Here's how it works: the immune system creates millions of different T cell receptors through a random mixing process, generating extraordinary variety. This diversity is crucial—it ensures the body can recognise and fight off new threats, including emerging viruses like SARS-CoV-2, which causes COVID-19. But this random process inevitably produces some T cells that recognise the body's own tissues as threats. Regulatory T cells act as peacekeepers, suppressing these potentially dangerous cells and calming down the immune system after an infection is cleared, preventing excessive inflammation.
The therapeutic possibilities have proven substantial. Cancer researchers discovered that many tumors recruit regulatory T cells to their surroundings, essentially building a protective wall that shields the tumor from immune attack. Current clinical trials are testing methods to remove or block these regulatory T cells within tumors, potentially allowing the immune system to destroy cancer more effectively.
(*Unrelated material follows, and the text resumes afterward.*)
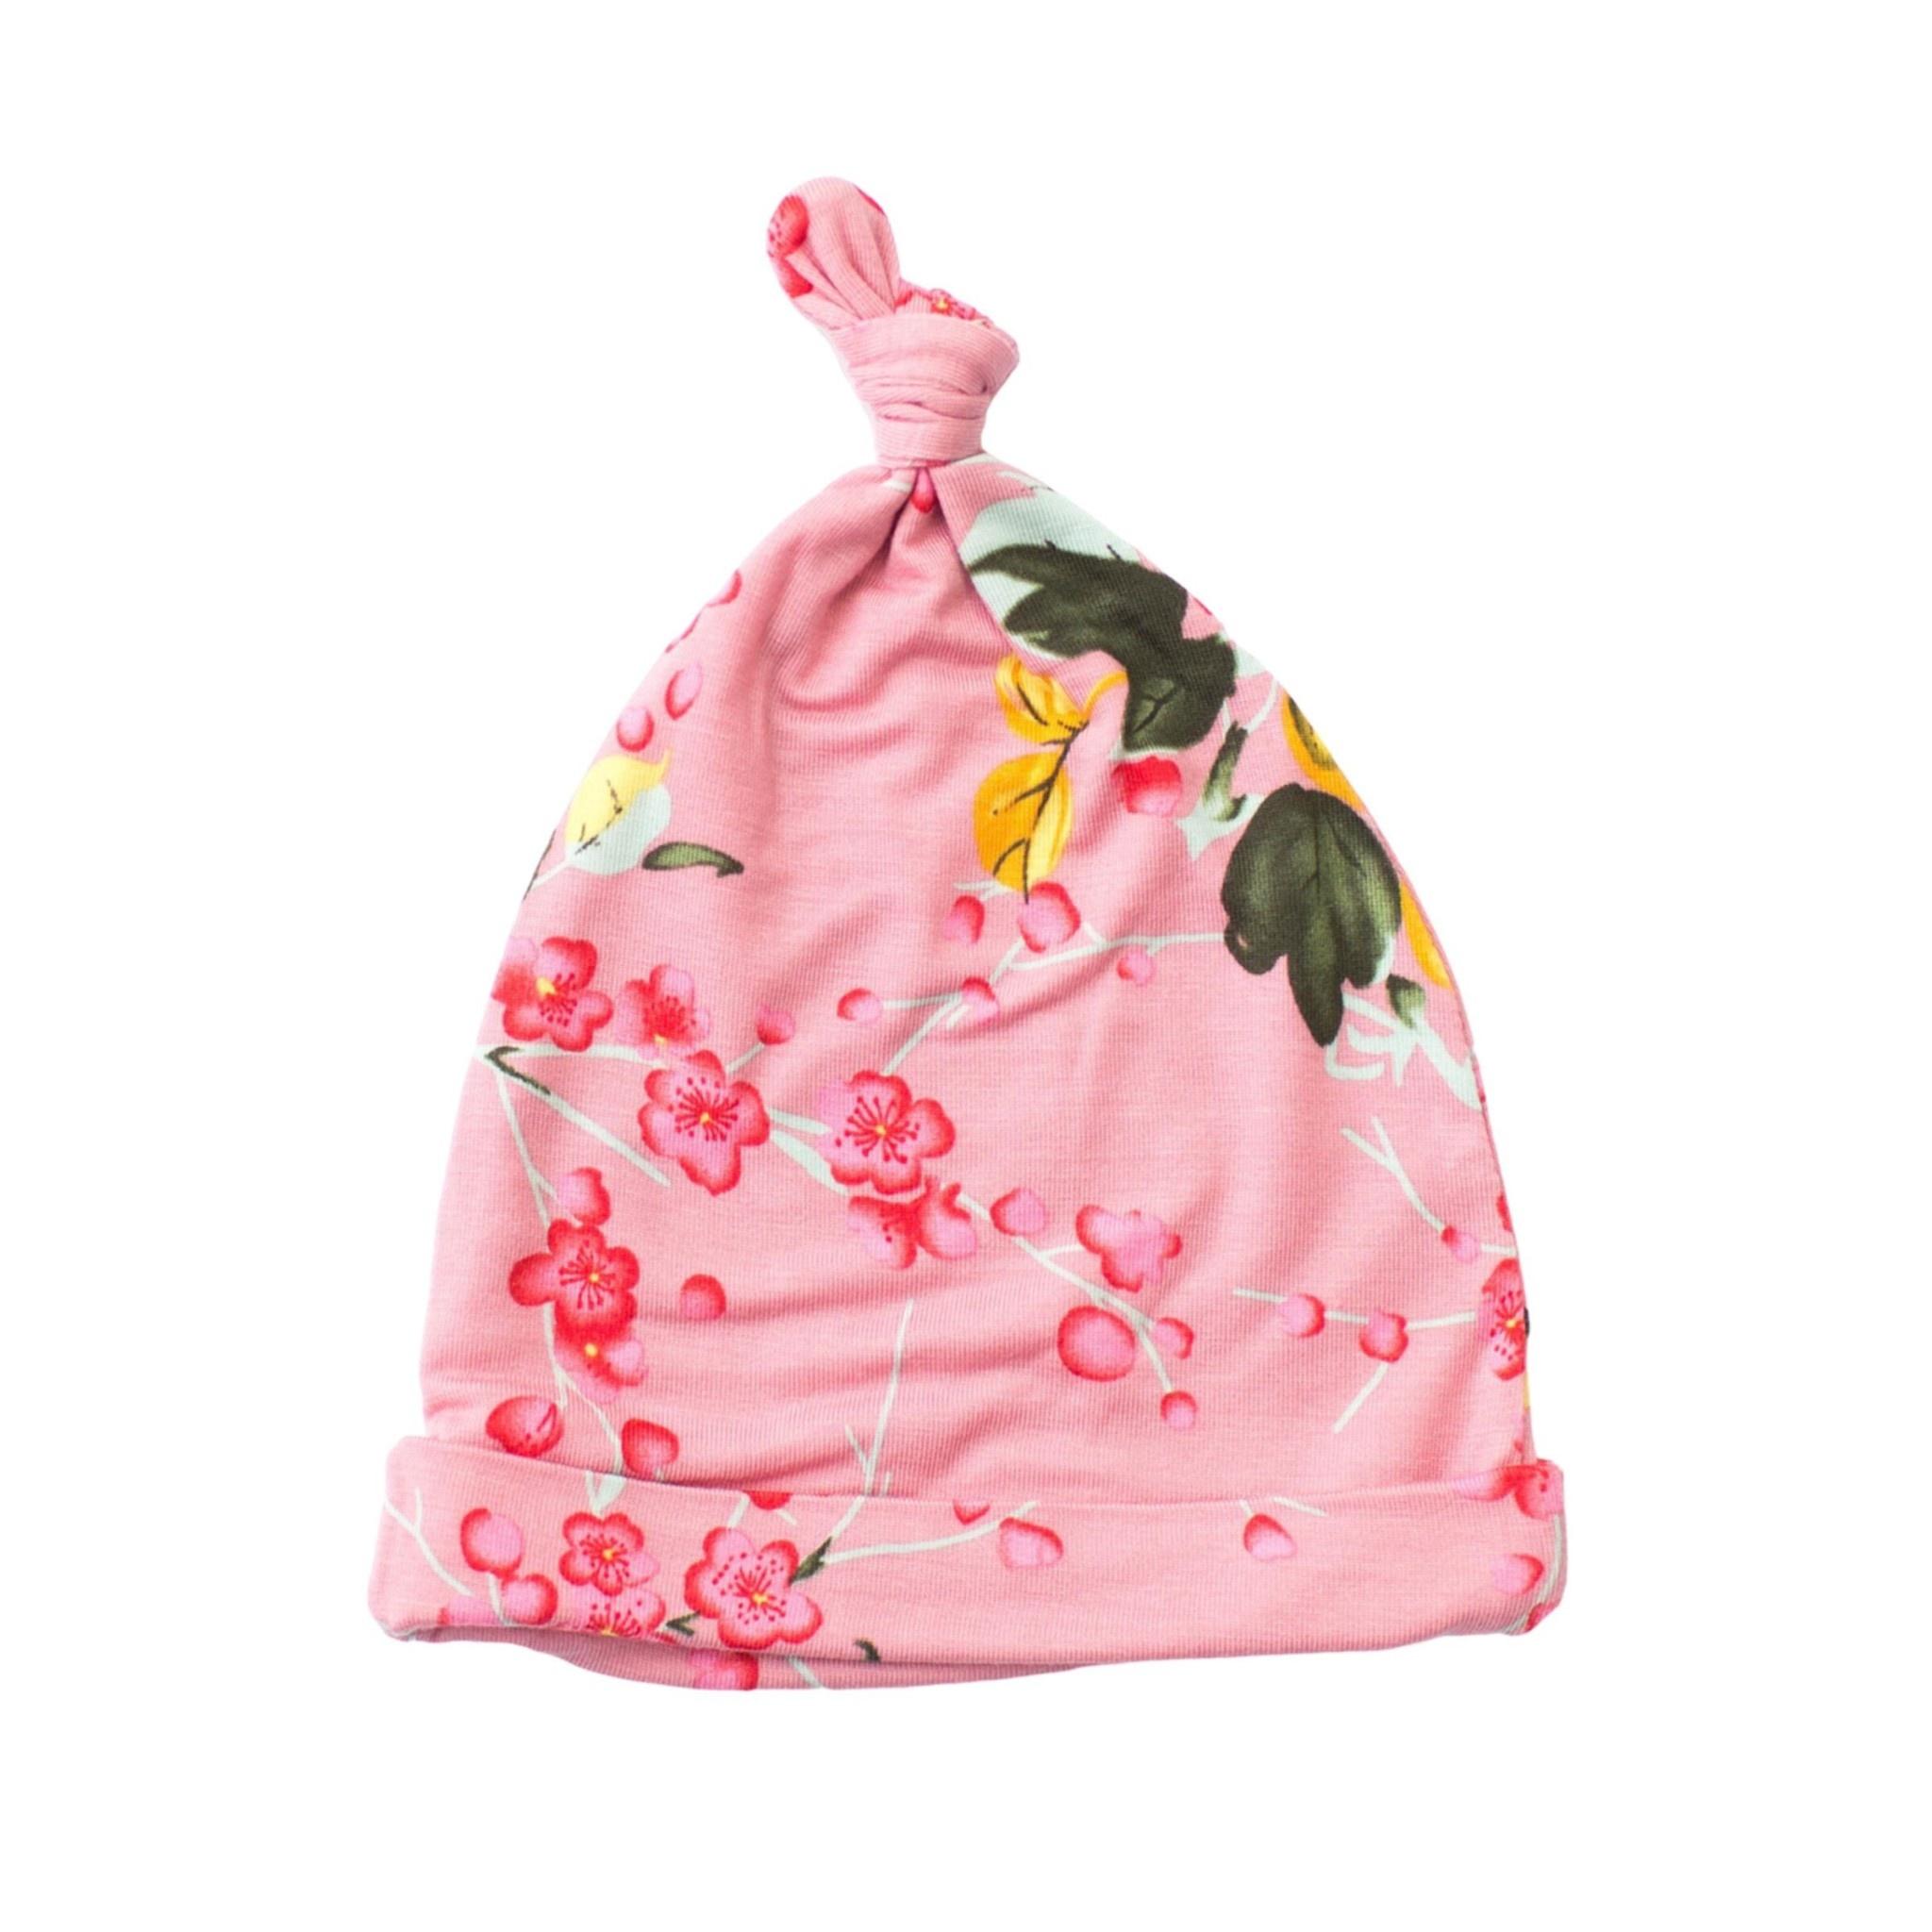 Bestaroo Cherry Blossom Hat - Rose 0-3m

For autoimmune diseases, the opposite approach makes sense—increasing regulatory T cells rather than decreasing them. Researchers are testing treatments that help regulatory T cells multiply, as well as more sophisticated approaches where a patient's own regulatory T cells are extracted, grown in large numbers in a laboratory, and then returned to the patient. Some experimental protocols even engineer these cells to travel specifically to transplanted organs, potentially preventing rejection without weakening the entire immune system.
The work of these three laureates demonstrates how scientific breakthroughs often require challenging established beliefs. Sakaguchi pursued a discredited idea because the experimental evidence demanded it. Brunkow and Ramsdell spent years on tedious molecular work that offered no guarantee of success. Their persistence revealed a fundamental principle: the immune system's extraordinary power requires equally powerful internal regulation.
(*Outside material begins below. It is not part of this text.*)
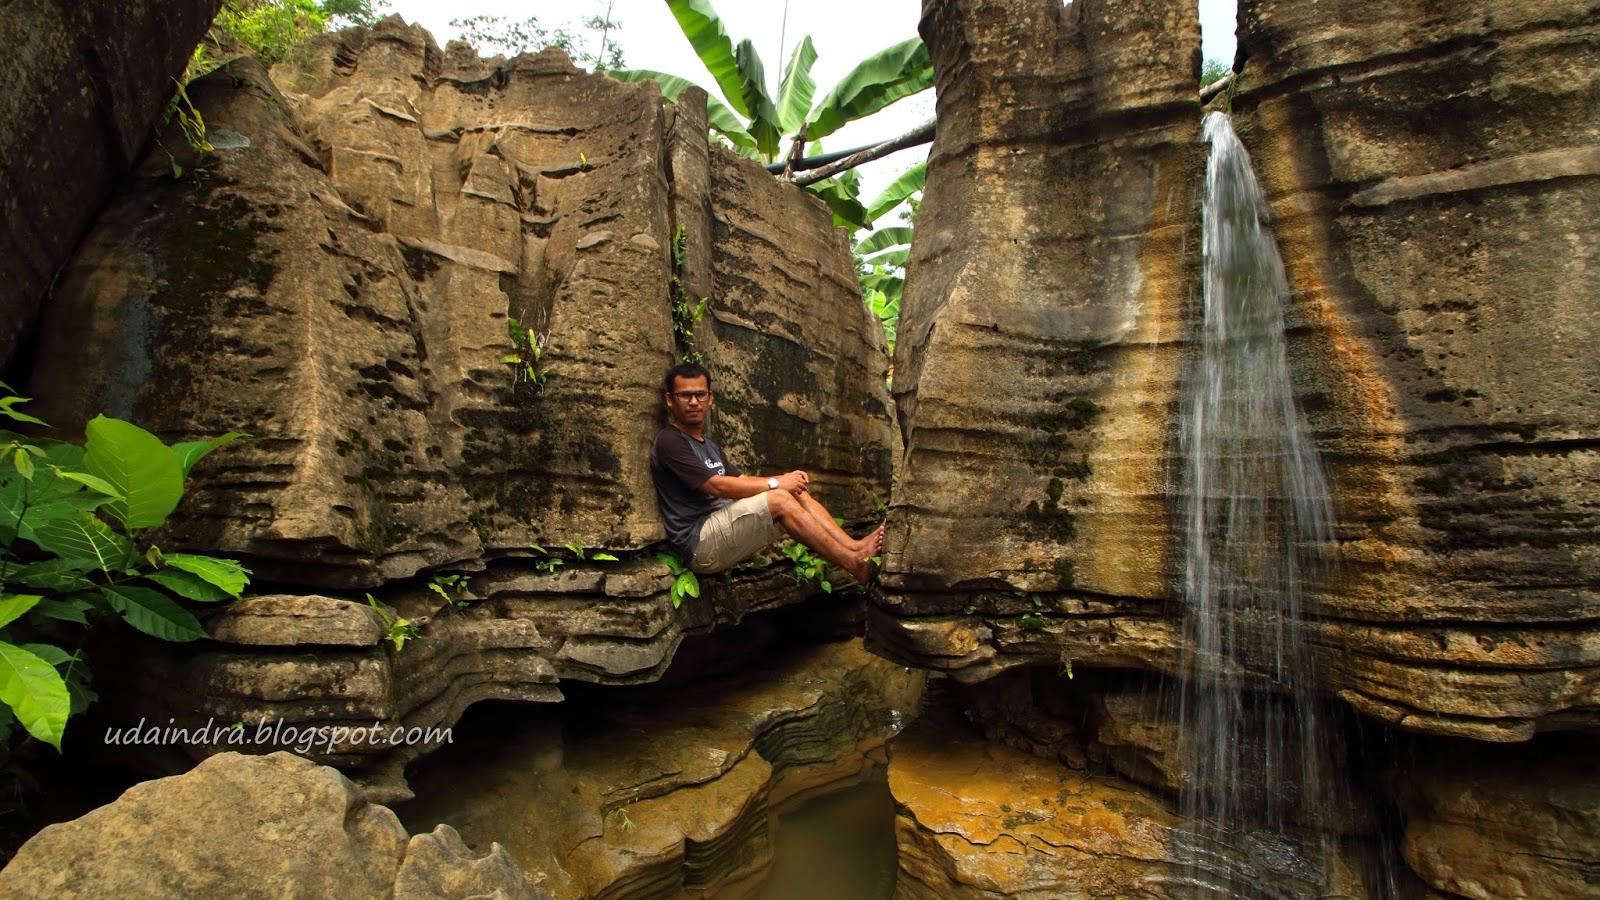 Hiking Ceria Ke Goa Agung Garunggang Geopark Sentul Bogor

The discovery of regulatory T cells represents more than a technical achievement in immunology. It reveals that our bodies maintain stability not through simple on-off switches, but through continuous, active regulation. The immune system's ability to distinguish self from foreign invaders doesn't come solely from eliminating dangerous cells during development. Instead, it requires ongoing suppression of these cells throughout our lives.
Understanding this principle has transformed how doctors and researchers approach cancer treatment, autoimmune diseases, and organ transplantation. From Sakaguchi's initial observations in the 1980s to the current generation of therapies based on regulatory T cells now being tested in patients, the field has progressed from controversial hypothesis to practical application in just thirty years. It stands as a testament to what fundamental scientific discovery can achieve when researchers refuse to accept incomplete answers.